New Zealand Law Society - Two types of dictators

Two types of dictators

This article is over 3 years old. More recent information on this subject may exist.

Every year, the consulting firm Gartner Group publishes its assessment on the progress of emerging technologies for delivering real benefits. The report is designed to help strategists and planners assess the maturity, business benefits and future directions of new technology. Gartner uses a model it calls The Hype Cycle to plot the maturity, adoption and social application of specific technologies.

Over the years, Speech Recognition (SR) technology has steadily risen up the steep incline of the Hype Cycle that leads to Gartner’s Plateau of Productivity. At this point on the curve, the new technology starts to make a broad impact on business.

This year, as shown in Gartner’s 2013 Hype Cycle Special Report (visit www.gartner.com/technology/research/hype-cycles), SR made its mark on the Plateau. So, if SR is really that good now, what does this progress mean for law firms?

Speech technology is application driven

Since Apple’s incorporation of Siri into its iOS devices in 2011, public adoption of SR solutions has been strongly influenced by the SR features rolled out by Apple and its competitors. There is, however, growing interest in other SR applications including business and personal productivity.

Speech technology is already used in numerous areas; for example, in creating legal transcripts, taking a patient’s medical history, talking to a call centre, commanding a car, and sending a text message on a smart phone.

In each case, the speech technology employed is based on similar principles but is tailored to suit the application, and therefore varies. The systems use different levels of comprehension, and handle different speakers and audio environments.

For instance, mobile applications are speaker-independent. They are not tailored for each user’s specific voice, as is a speaker-dependent application. Plus, SR is computationally intensive, so it requires significant computing and electrical power to perform.

Mobile devices, with limited computing, memory and battery resources rely on servers running in the cloud for the hard-lifting. This limits the length of speech that can be transcribed, and because mobile internet connections are inherently unreliable, means that users may experience SR outages.

SR interfaces are not yet ubiquitous, and will not work in all situations in the same way. Some understanding and expertise is required to appropriately implement the technology in different environments.

Legal productivity advances

The legal fraternity is experiencing productivity gains thanks to SR. The ability to quickly send text messages and emails by voice on smartphone platforms are two examples.

For core business workflows, speaker-dependent SR has been providing solid ROIs for 10 years. As Gartner recognises, these returns have coincided with new versions of Dragon NaturallySpeaking and continuing improvements in computer hardware.

Dragon desktop software runs on the PC and delivers the best accuracy because it learns how people speak and what they write. It does not require an internet function for transcription and you can talk as fast and as long as you like.

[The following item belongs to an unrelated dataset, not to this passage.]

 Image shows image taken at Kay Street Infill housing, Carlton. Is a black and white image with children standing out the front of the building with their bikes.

The emergence of two dictators

It is also increasingly apparent in the speech solutions industry that there are two kinds of legal dictators.

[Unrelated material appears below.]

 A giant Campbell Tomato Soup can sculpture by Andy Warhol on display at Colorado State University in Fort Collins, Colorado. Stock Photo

Firstly, there are those in the legal environment who use digital devices for dictation. Support staff then processes the dictated file.

For these people, traditional workflow solutions remove responsibility from the dictator for the transcription of the text and its subsequent formatting. They see themselves as most productive when they are speaking, not typing.

The second group of legal dictators tends to be younger. They have grown up using keyboards and work with their computer to produce documents. They are most content and productive when they can dictate directly to the document they are working on, see the results on the screen, and finalise content and formatting in one session.

The first group argues that their approach is more efficient and results in greater productivity as their time is not wasted entering and formatting documents. The second group argues that they do not require expensive support staff and that documents are prepared immediately.

However, neither group is absolutely correct as it is the human issues that ultimately determine the adoption rate and the effectiveness of any technical system. The key is to match the technology to the person.

SR on both sides

Technically speaking, the first group is likely to be content with solutions such as those supplied by BigHand, Winscribe, Philips and Olympus. These systems take care of the document flow and manage the progress of documents through the system without the document originator having to be involved, except at the beginning and the end.

Speech recognition can be easily integrated in these environments to transcribe speech on a server or from a digital recorder without the speaker having to be involved.

The second group prefers to create their own documents. For these people, Windows or Macintosh systems equipped with SR software provide the fastest and most accurate way for entering text into the computer.

Achieving harmony

Both of these approaches can be supported on the same technology platform without compromise on either side, and regardless of the type of dictators within the firm.

The desktop software can be installed on PCs and integrated with any enterprise document management system. Everyone can speak at least three times faster than they can type and using voice to convert speech to text is far more productive.

Speech recognition is ideal for document creation whether it be at the front-end running Dragon as a supporting application, or the back-end using a combination of machine and human transcription to convert speech to text.


Derek Austin is Interactive Technologies Manager for Nuance Communications.